Why Psychoanalysis?
Suffering and Treatment
Psychoanalysis responds to something of a mystery. A mystery perhaps captured by questions such as: 'What is going on?' 'What is happening to me?' or even, ''Why is this happening to me?' At the instant when someone takes the step to address a psychoanalyst, we can say that the secret of this mystery, which lies within their own experience, is being put to work.
Suffering is not a straightforward matter for the human being. Human dignity cannot do without it, neither can love, neither can survival. So, from the outset, suffering is inextricably linked with both the precious and the necessary. The separation of the subject and this suffering cannot but be a matter both delicate and complex.
Today's culture, ever in a state of flux, produces incessant change and with it a transience of identity. As the traditional moorings of identity loosen, anxiety is unbound and the subject suffers its effects in the form of his symptom. Although transient in form, the symptom gives consistency to the subject who suffers it. So, for psychoanalysis, the symptom is an attempt at a solution and acts to bind and to localise identity and anxiety.
While scientific and technological advances in modernity have transformed our capacity to treat the ailments of the body, the mind has remained resolute in its resistance to 'being fixed' from the outside. The treatment of mental suffering is not a procedure that can be applied to the subject by someone else. It is not a matter of a doctor who will sedate us before applying a procedure, of which we are largely ignorant.
• Unlike the doctor, the analyst makes no promises of 'cure', no miracle transformation of pain into 'happiness' and, while experience demonstrates that psychoanalysis has therapeutic effects, the treatment cannot aim at these without reinforcing the symptom. Nor can the effects be predicted in content, sequence or direction.
• Unlike the doctor, in order to treat suffering, the analyst must ask the subject to forego the bliss of his/her ignorance and instead to embark on a project of engagement with his/her own knowledge.
But, hey! Not so fast! This knowledge is no simple matter either. The subject doesn't know that s/he knows. Well, perhaps, by the time s/he has decided to address an analyst, s/he has an inkling, recognising that his/her symptoms, his/her sufferings, are a sign of something but s/he doesn't know what. In order to gain access to this secret, the subject is urged to speak about what ails him/her. Treatment by psychoanalysis, then, is a treatment through speech, through conversation, a conversation of a very unusual kind, and in a very unusual setting.

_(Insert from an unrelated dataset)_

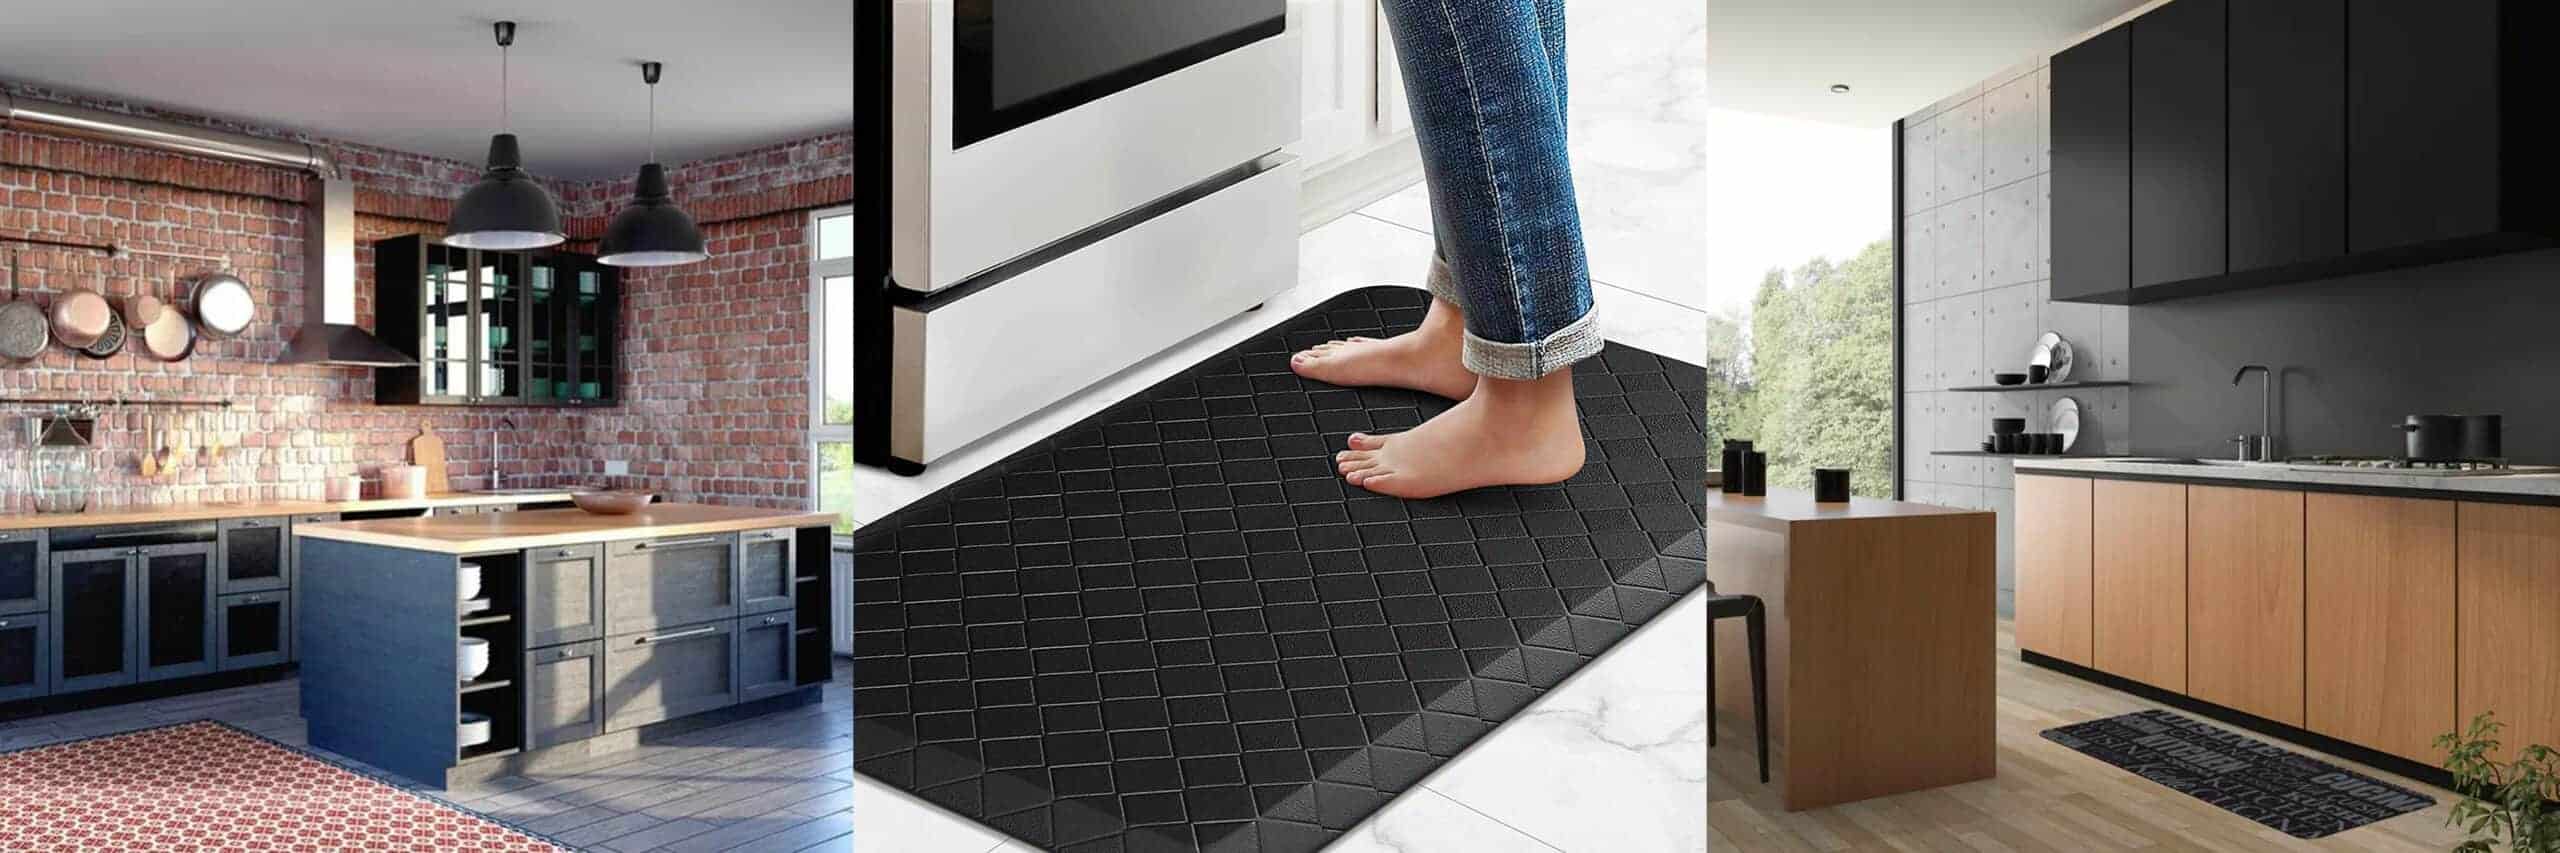 Kitchen Mat Cushioned Anti-Fatigue Floor Mat Waterproof Non-Slip Standing  Mat Ergonomic Comfort Floor Mat Rug for Home,Office,Sink,Laundry,Desk  30(L) x 20(W),Grey

The Psychoanalytic Session
The psychoanalytic session is a place where it is possible to speak about what troubles you to an 'Other', again and again, and again. In offering the session, the psychoanalyst makes an offer to listen to you, the analysand, and to allow that which is being spoken to be heard. To this end, the first rule of psychoanalysis is Free Association. The subject is invited to say the first thing that comes into your mind, no matter how trivial or strange it may seem. (Freud) This rule lifts the social obligation to 'make sense'. A lot can be done with this. It is not all but in this way the work begins.